56. Serving Fork

This two-tined silver table fork is reported to have been part of the dowry of Mary Digges (1745-1805) on her marriage to Thomas Sim Lee (1745-1819) in 1771. Both were from prominent Prince George’s County families, and Lee would be twice elected governor of Maryland (1779-1782 and 1792-1794). Three pieces of flatware, two forks and a matching knife handle, were donated in 1962 by Caroline Loughborough, whose family lived at Milton, one of the two oldest homes in Montgomery County.

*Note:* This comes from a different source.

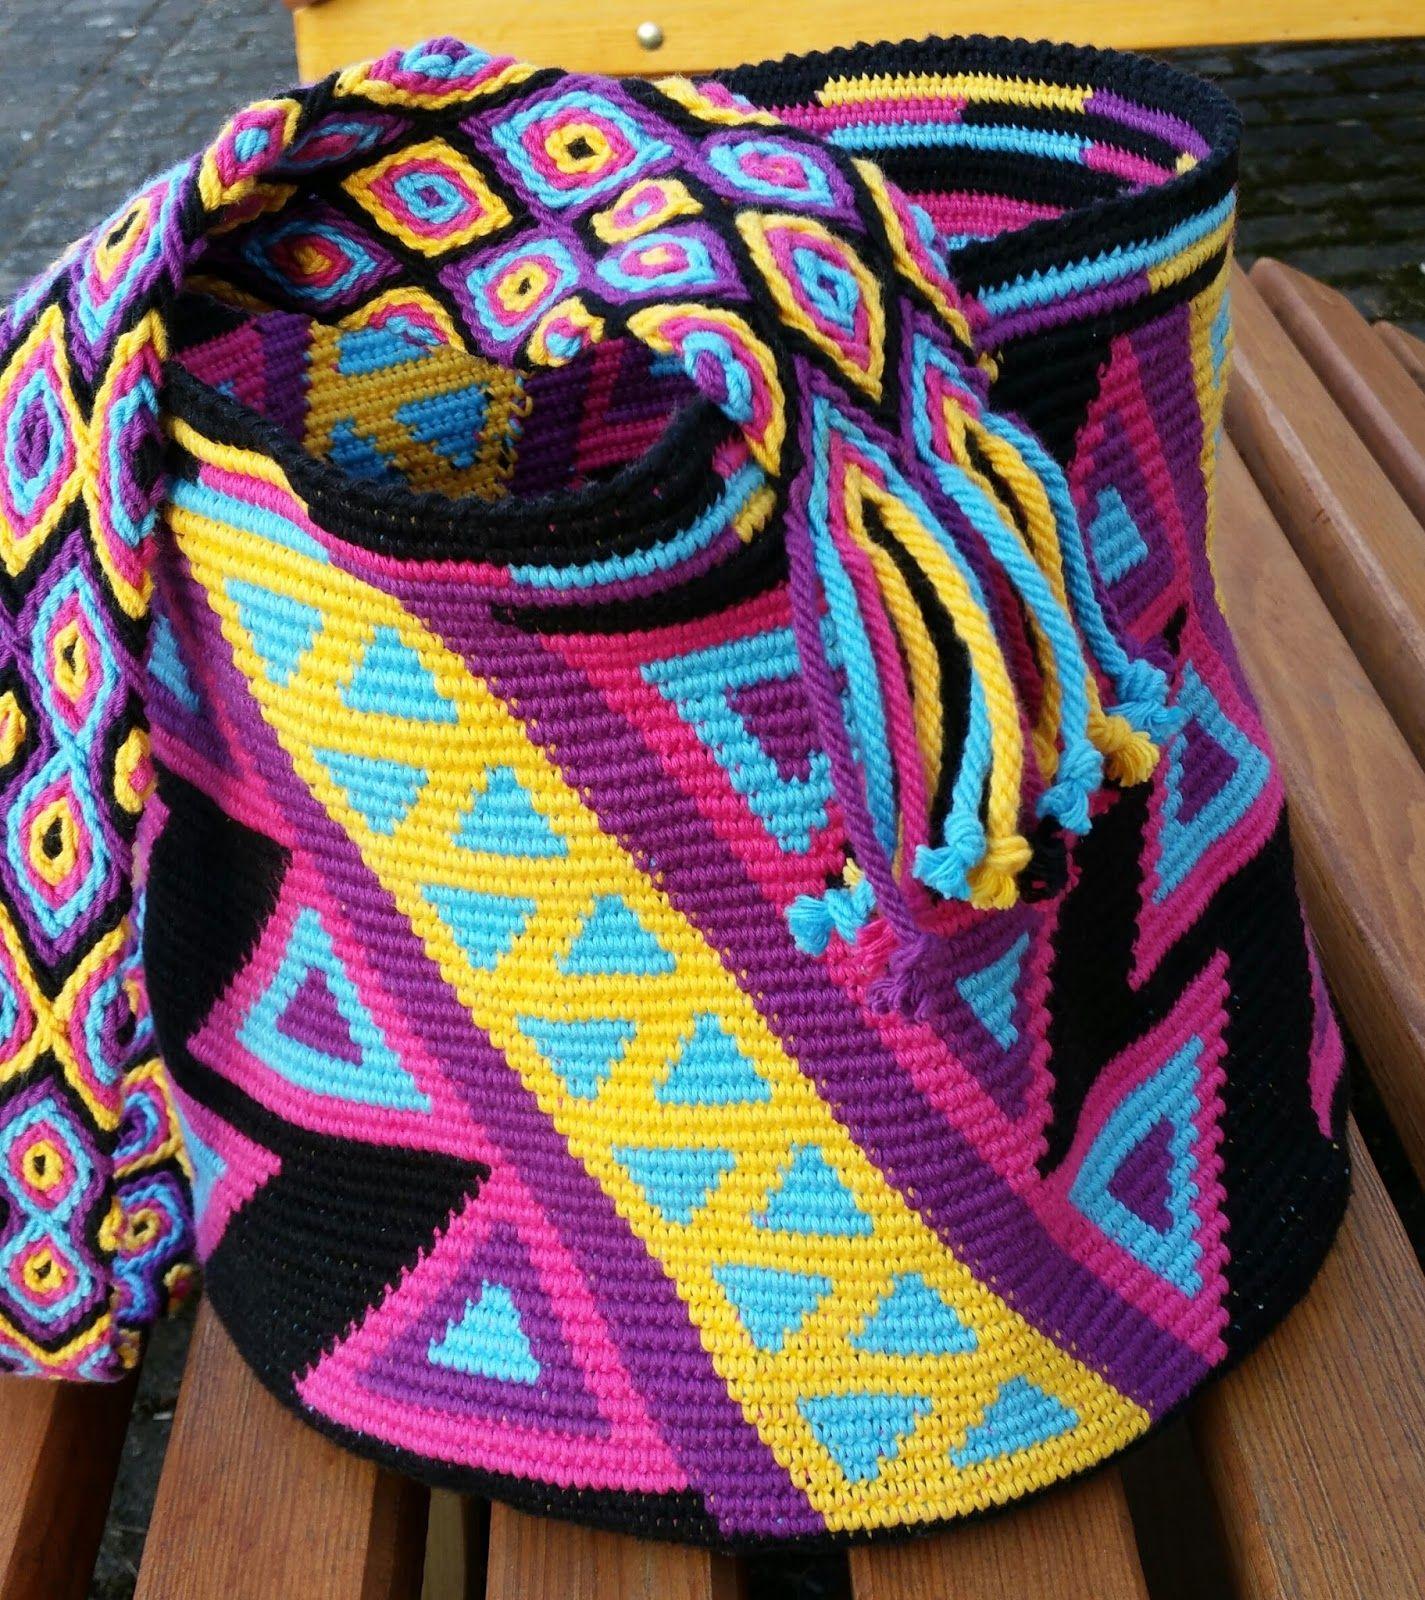 Da ich ja beim Häkeln der Wayuu mochila den Boden zuerst mit 6 ...

The donor, Caroline Loughborough, suggested that these pieces were made in England in the 1730s and descended through three generations of Mary Digges Lee’s daughters. Then the pieces passed to three owners who were probably chosen as history-minded caretakers: a D.C. regent of the Mount Vernon Ladies Association; a Howard County descendant of a Virginia governor; and Miss Loughborough, a member of a distinguished Georgetown and Montgomery County family, who continued to treat them as Maryland heirlooms worthy of donation to her county’s historical society.

Thomas Sim Lee was a member of the Association of the Freemen of Maryland, which met from 1774-1776, after the royal governor had dissolved the colonial assembly. Armed opposition to the British crown was approved by its declaration of July 26, 1775, signed by Lee and such notable Marylanders as future signers of the Declaration of Independence Samuel Chase, William Paca, and Charles Carroll of Carrolton, all of whom helped establish the first state constitution. During his first term as governor, Lee labored to support the Continental Army under the command of his friend General George Washington. Later, he was a member of the Maryland convention that ratified the U.S. Constitution in 1788. After retiring from political life in 1794, Governor Lee focused on his Frederick County estate while maintaining a winter home in Georgetown (still extant at 3001 M Street and marked by a bronze plaque).

Mary Lee was also a patriot. In 1780 she led Maryland women in raising funds and supplies; George Washington thanked her for “the patriotic exertions of the ladies of Maryland in favor of the army.”